Task brief —
Reproduce everything from the line that contains "Xe tải Thaco" down to the line that contains "8 причин заняться спортом" in the listing below, word for word and nothing more. Leave the pictures out.

** Opening Data for processing block **

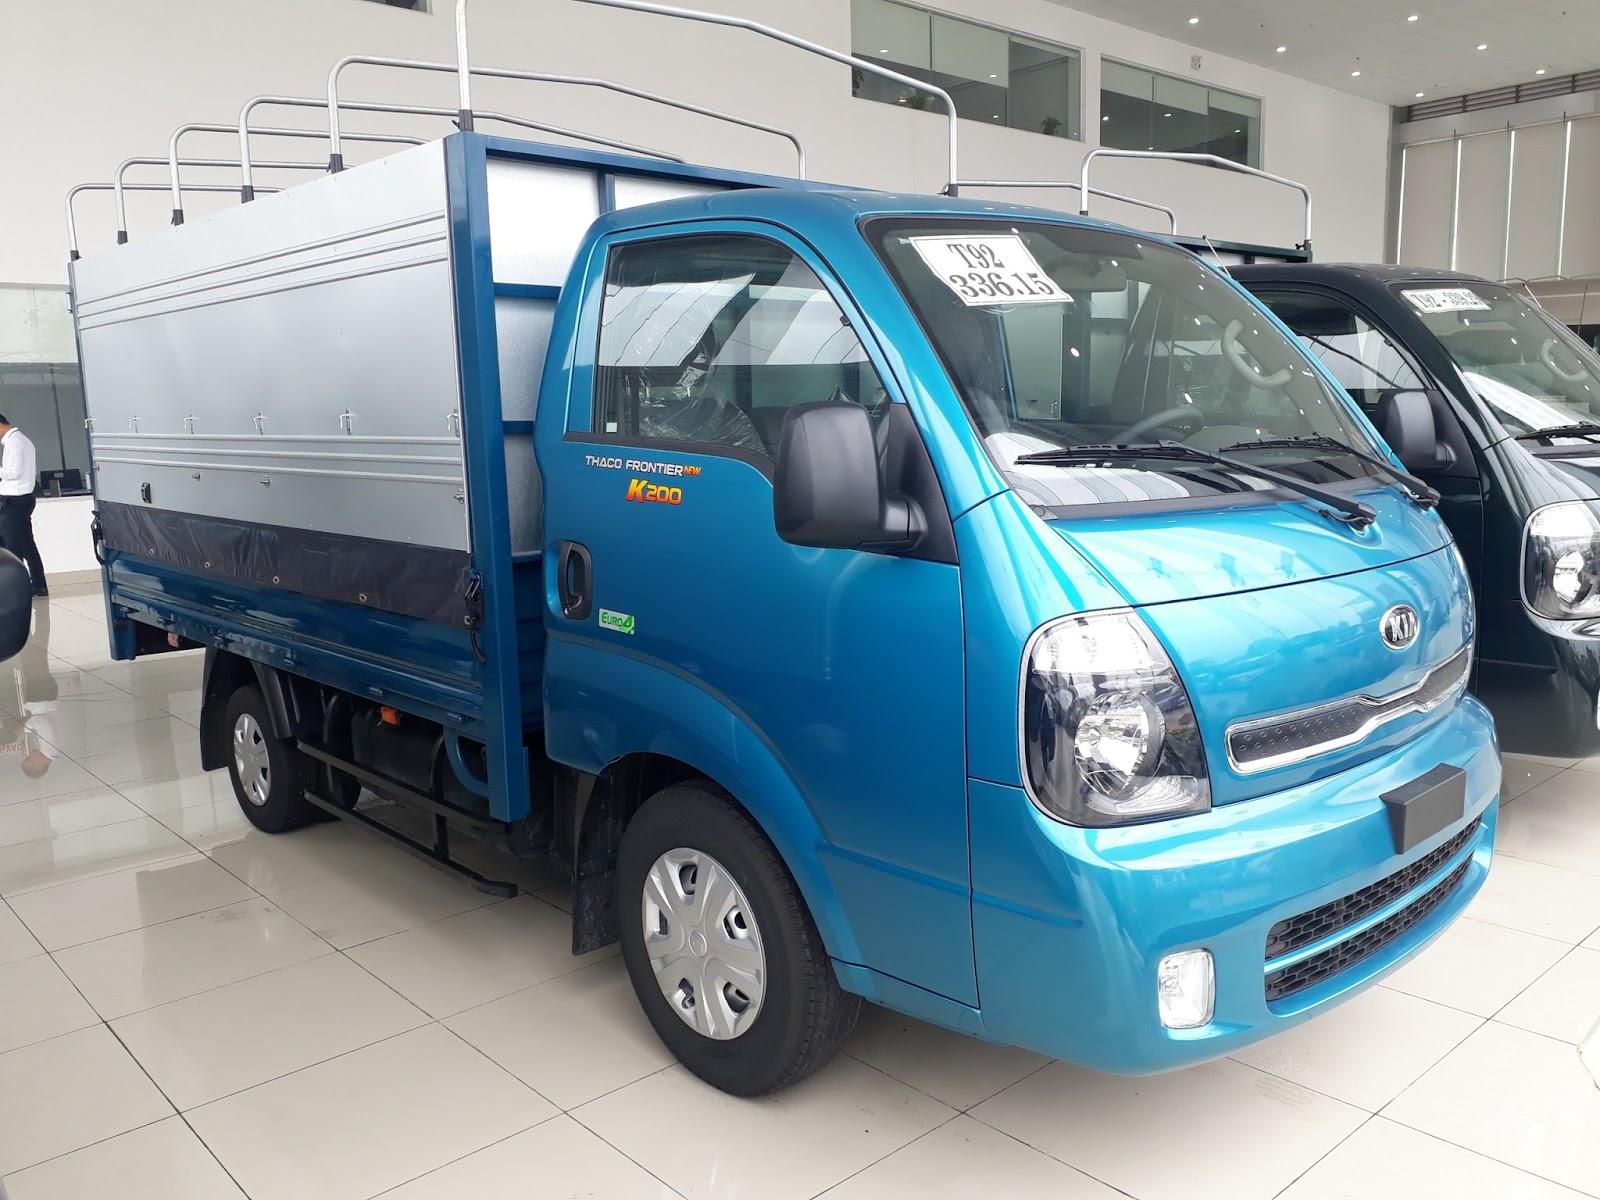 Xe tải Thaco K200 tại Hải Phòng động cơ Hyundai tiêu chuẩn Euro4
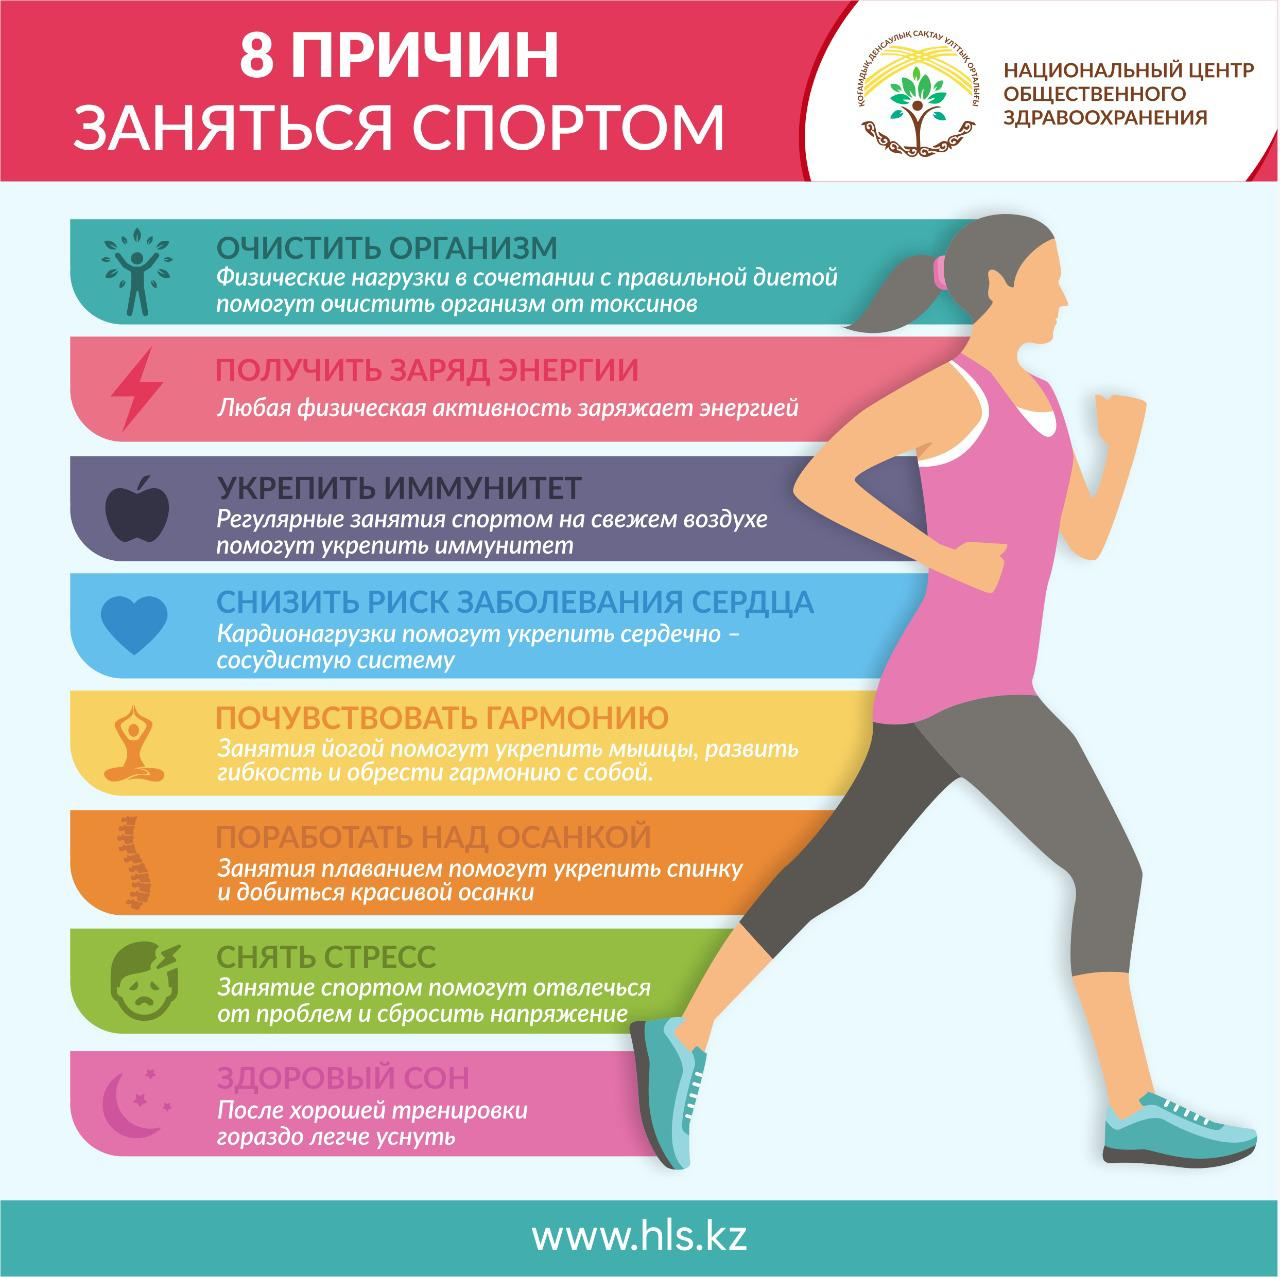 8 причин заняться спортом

** Closing Data for processing block **
** Opening Data for processing block **

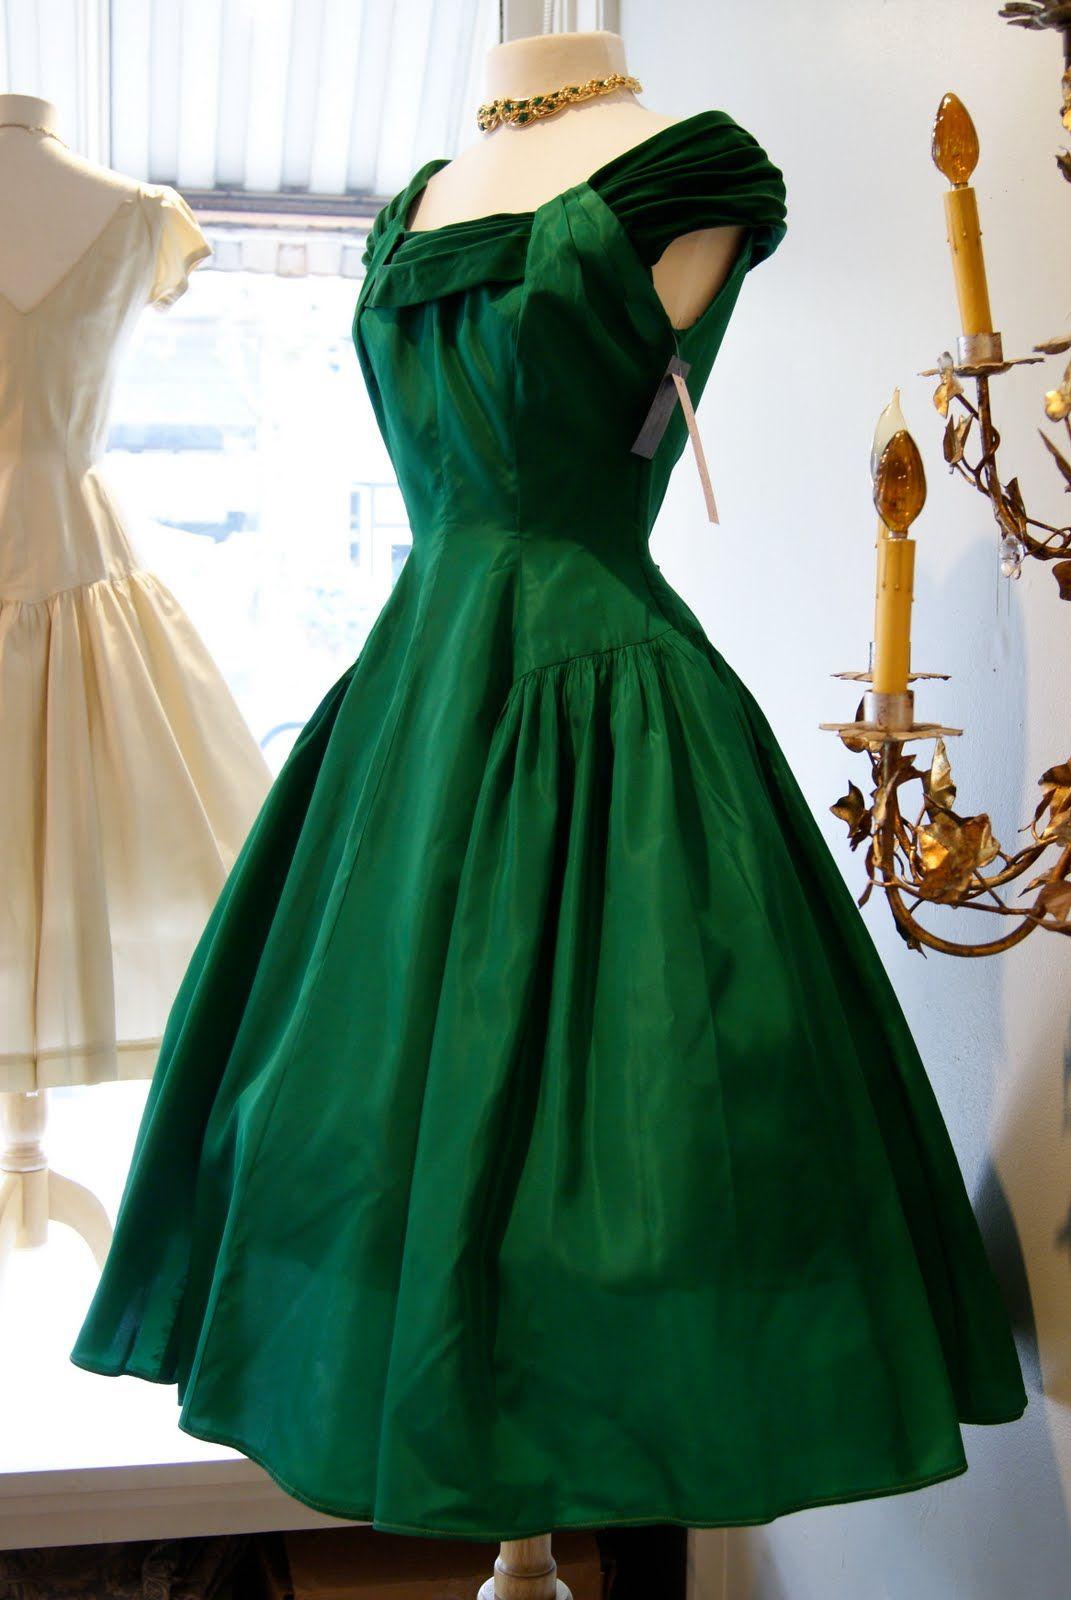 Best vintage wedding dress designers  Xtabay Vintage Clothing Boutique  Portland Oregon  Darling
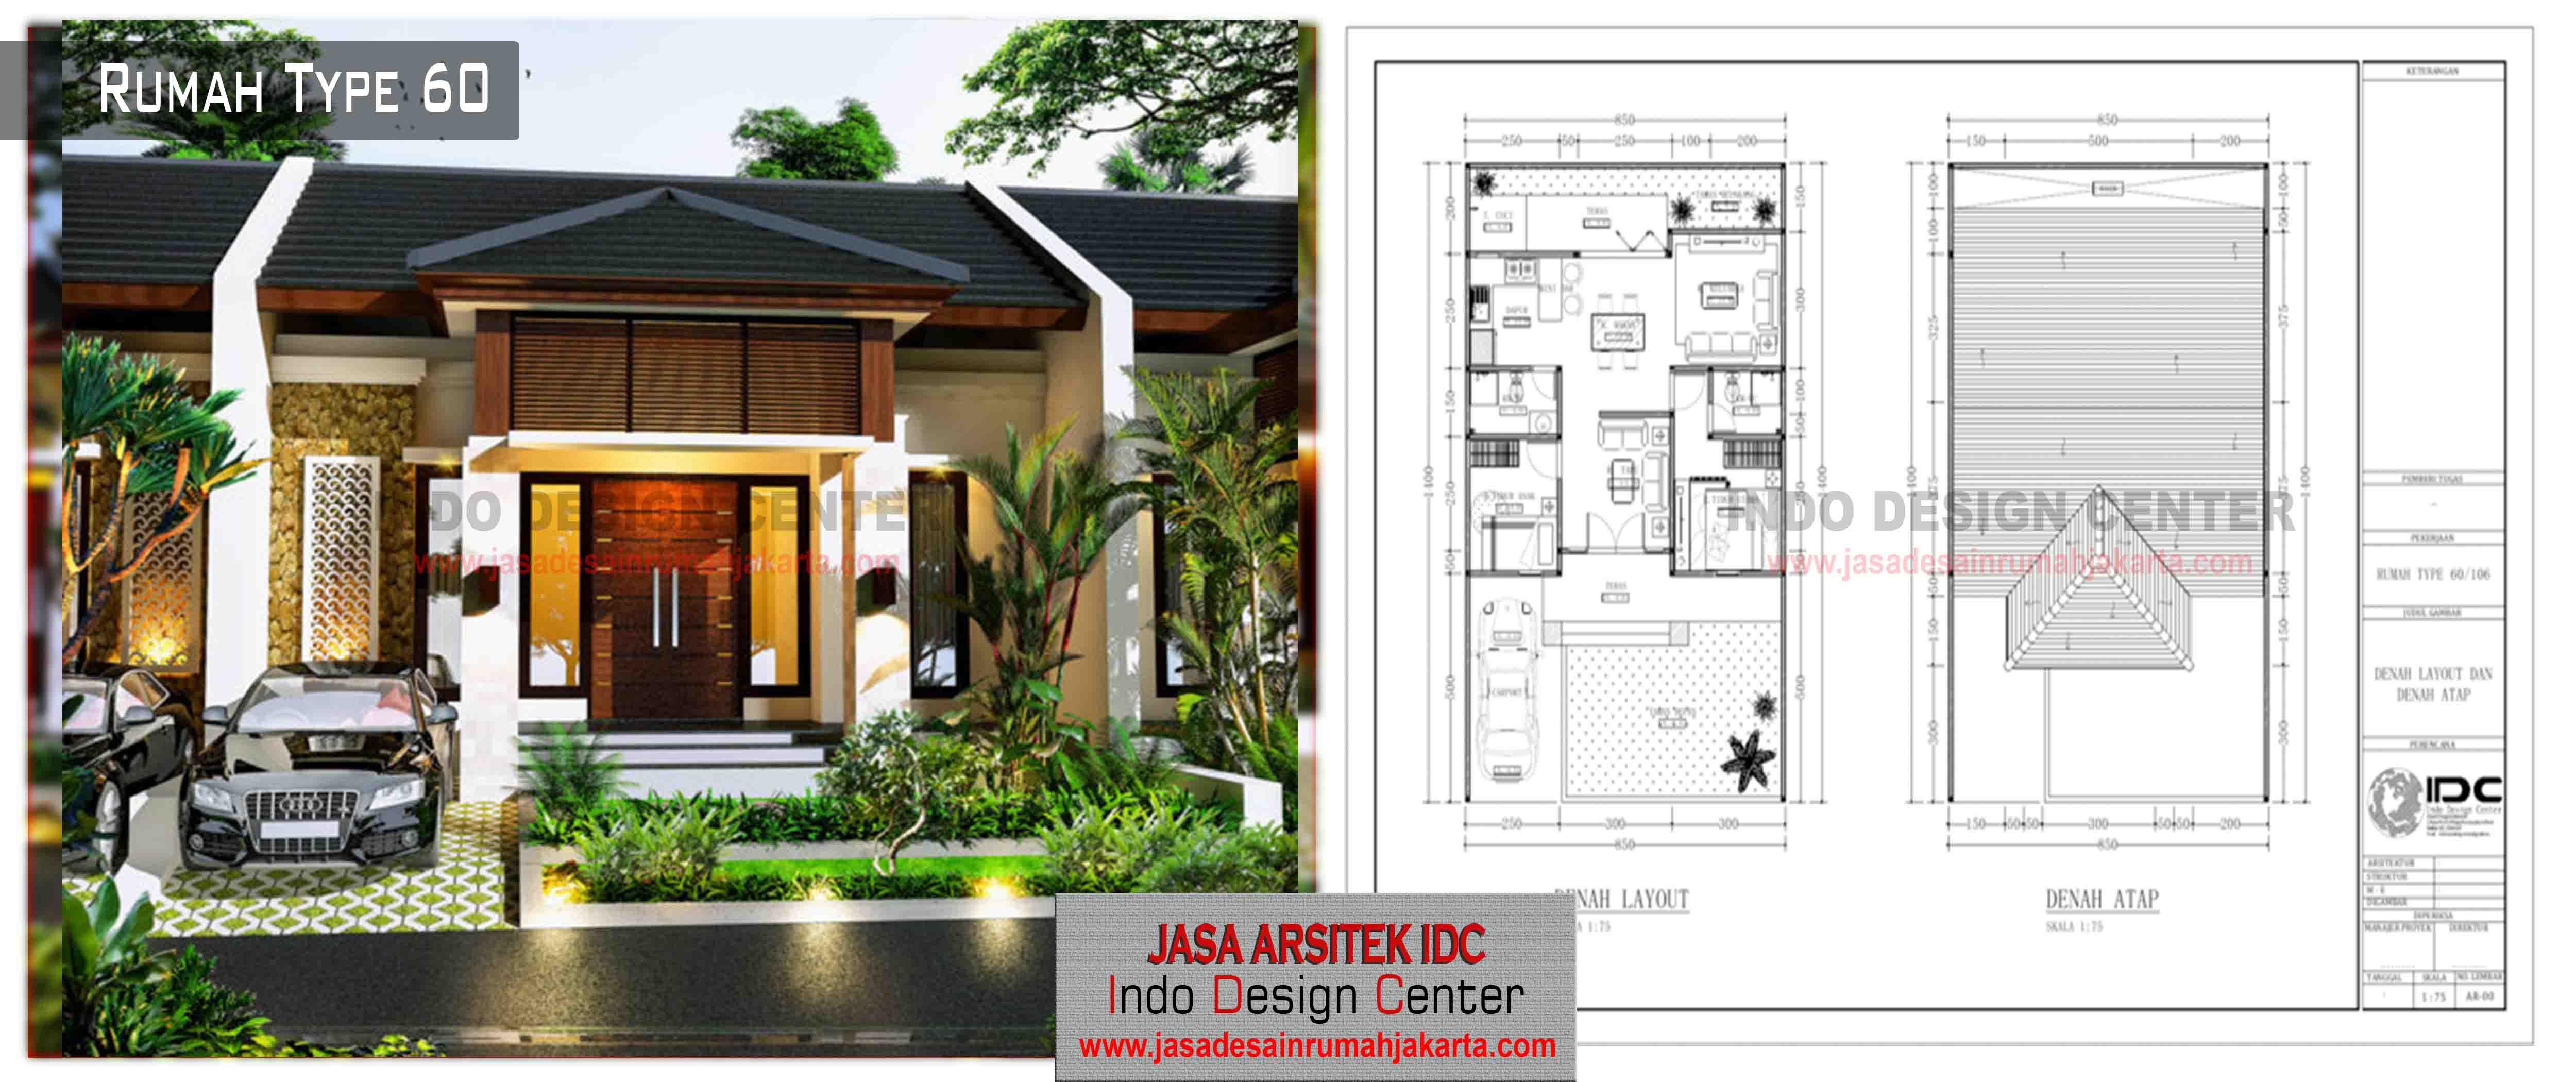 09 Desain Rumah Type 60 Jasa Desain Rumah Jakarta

** Closing Data for processing block **

Solution for this problem —
 Xe tải Thaco K200 tại Hải Phòng động cơ Hyundai tiêu chuẩn Euro4
 8 причин заняться спортом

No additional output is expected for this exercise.